Harnett is branch manager at Prince Albert’s Western Financial Group. Backed by 15 years in the insurance game he’s keen on sharing insurance advice with the public.
Key to leaving one’s home country is getting travel insurance, he said -- a perhaps obvious piece of advice, but one still overlooked from time to time.
“You hear horror stories of people going in and getting charged hundreds of dollars for an aspirin in the States and that sort of thing,” he said.
“I have seen case files where it’s been worse – where it’s been a heart attack and it’s costing insurance companies, when they release it, more than $100,000 in some cases, depending on what’s happened. It can add up very, very quickly.”
Even those leaving one’s home province should check into the ins and outs of health care and insurance coverage, Harnett suggested, noting that health coverage is different from province to province.

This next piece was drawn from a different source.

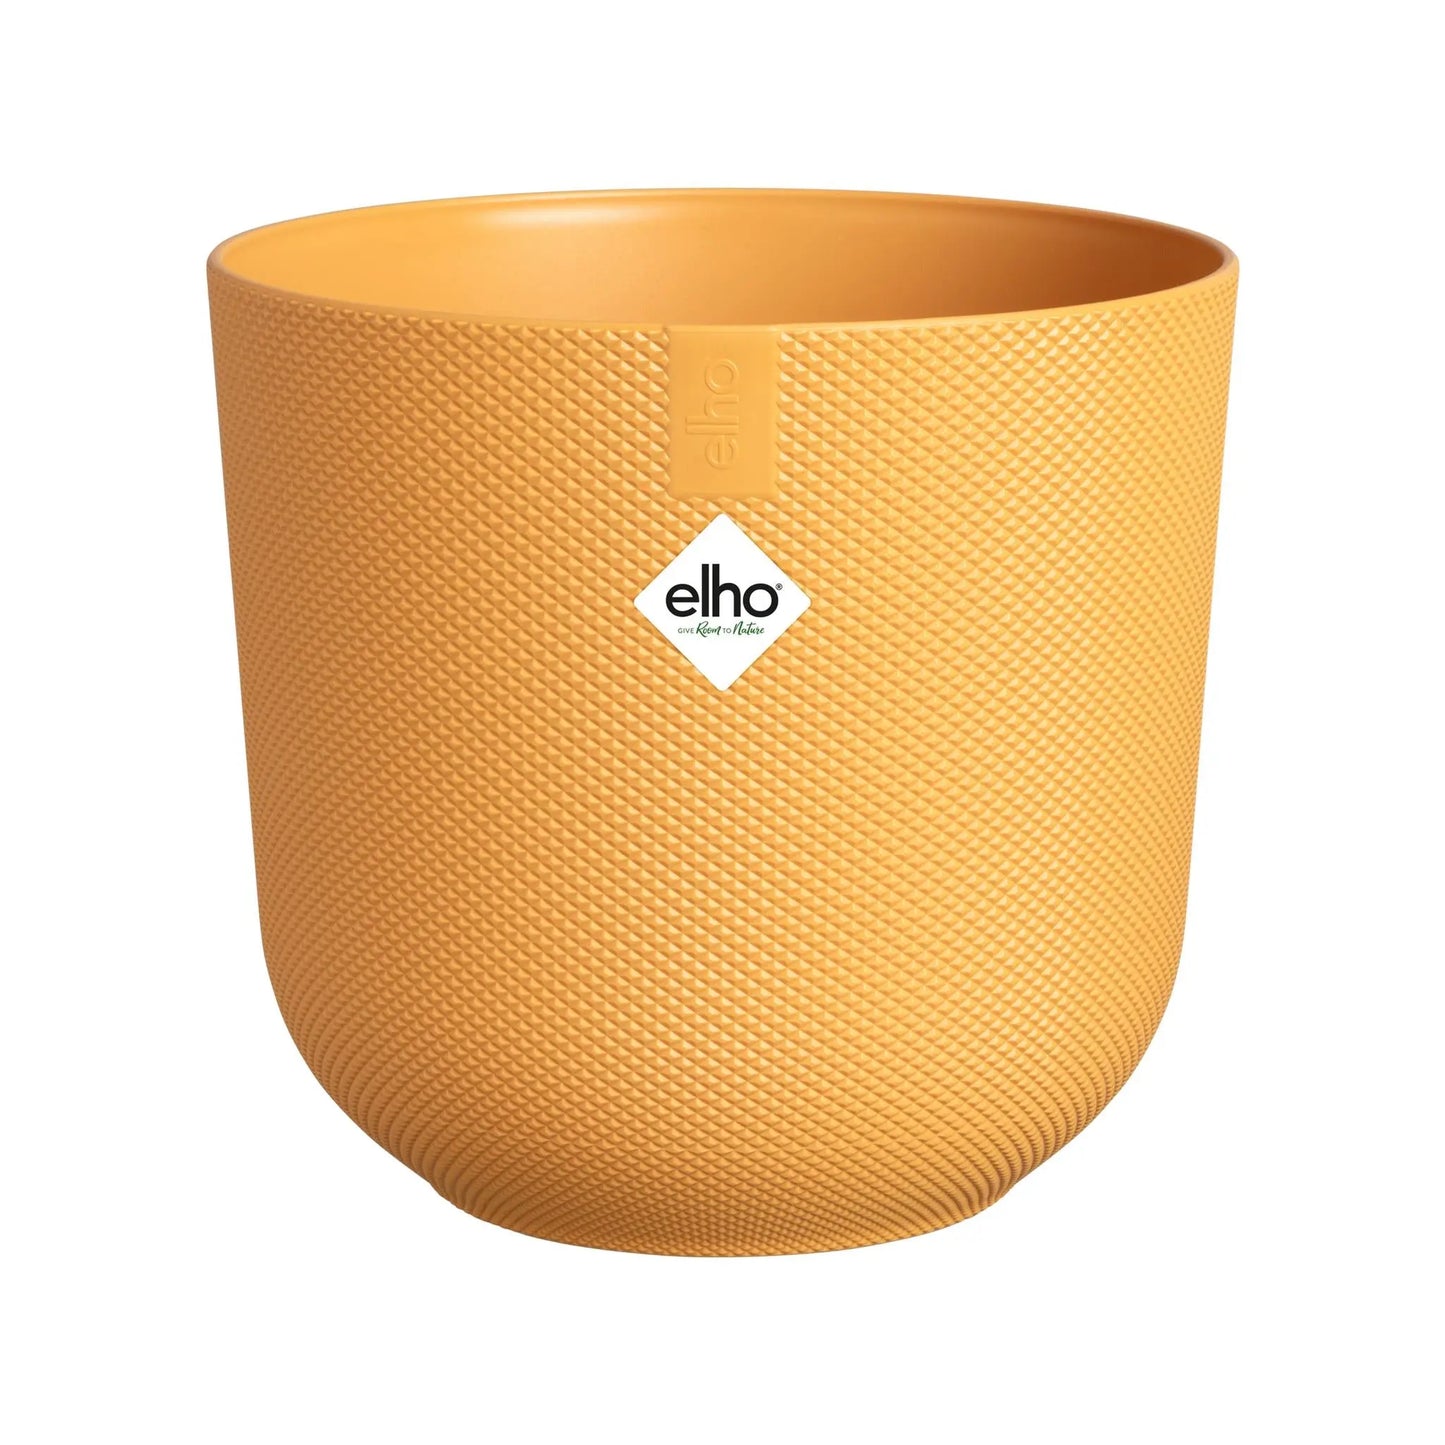 Pot elho Jazz Round amber yellow - D19 x H18 Everspring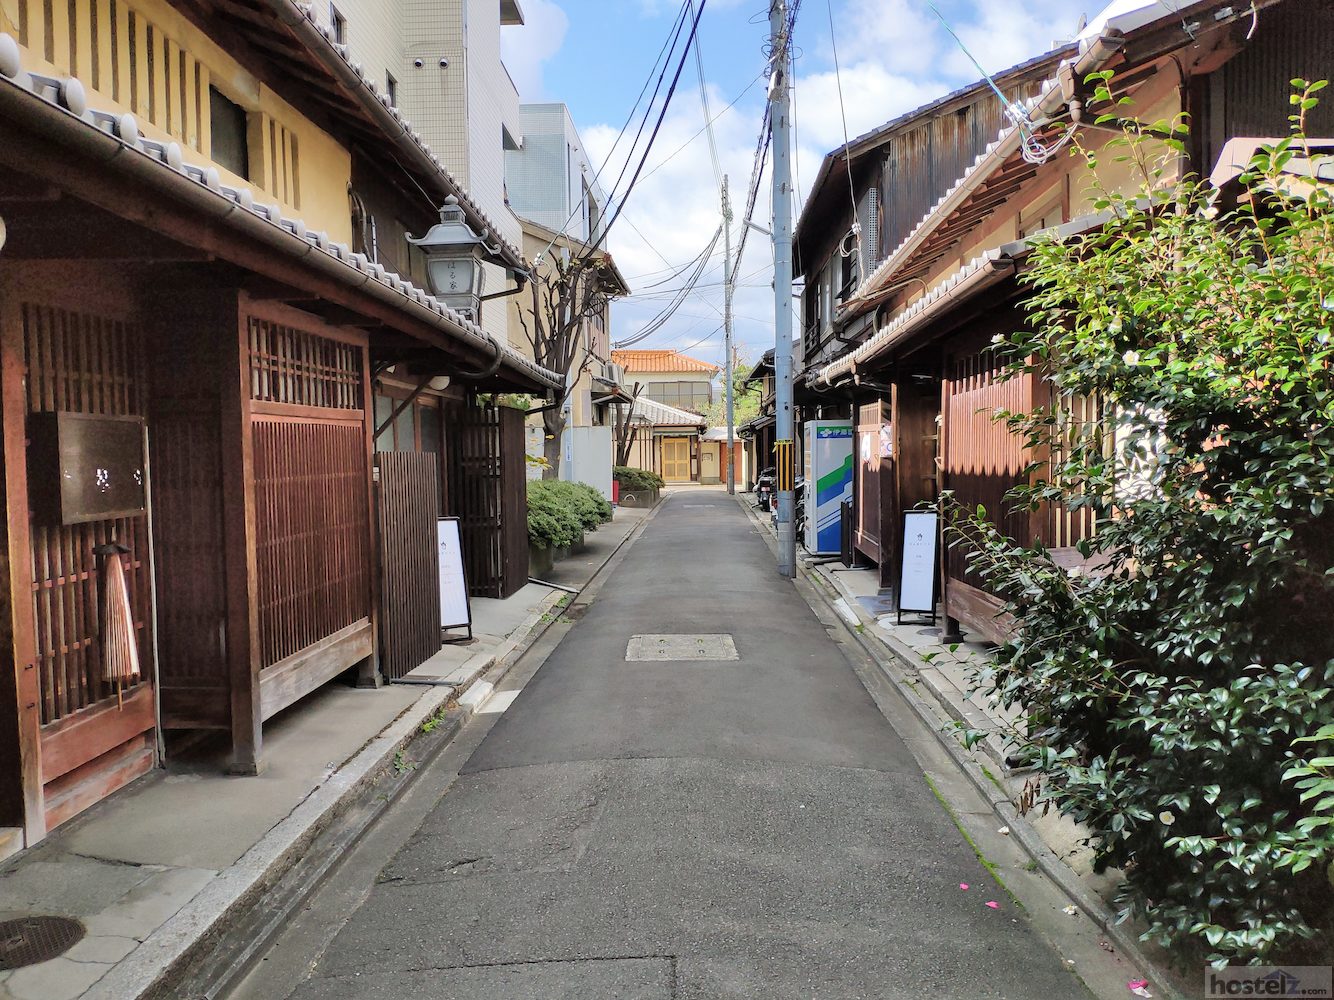 Street with Haruya hostel buildings on each side

“It’s not an expensive policy to take out before you go, that’s for sure,” he concluded.
Leaving one’s house behind while out-and-about on vacation can be another concern, he said.
During the “normal heating season,” one must either have someone check in on the house every day or so (varies from policy to policy), shut off the water and drain all appliances or monitor temperature change with something.
Although pipes freezing at this time of year isn’t likely to happen, Harnett said that it’s still a good idea to have someone check on your home.
“Other things can happen,” he said. “Leaks can happen or ruptures can happen. Water heaters can go -- even in the summer -- and stuff like that.”
You hear horror stories of people going in and getting charged hundreds of dollars for an aspirin in the States and that sort of thing. Karle Harnett
A seasonal misconception some people still have is that normal home insurance policies cover flooding, be it man-made or otherwise.
This is not true, Harnett said, noting that coverage comes through Saskatchewan’s Provincial Disaster Assistance Plan, which helps people recover from the effects of natural disasters.
“It has been something that I think most people understand -- that when there’s a flood it’s not covered by regular home insurance, but it’s also a misconception in a lot of people’s minds.”
Tips for rental property tenants
While most landlords request references, how often do renters request references of landlords?
Finding a good landlord is key to finding a hassle-free rental situation, Western Financial Group Prince Albert branch manager Kale Harnett said.
On top of knowing one’s rental rights and documenting existing damage with photos to ensure your damage deposit is protected, Harnett reminds people of the merits of renter’s insurance.
Noting Prince Albert’s growing rental market, Harnett cautions renters that their landlord’s building insurance covers the building – not them or their belongings.
That’s where renter’s insurance comes into play -- an area of insurance that 37 per cent of Canadian renters do not employ.
In addition to one’s household belongings, renter’s insurance covers items stored in one’s vehicle, among other things an insurance broker can hash out with clients.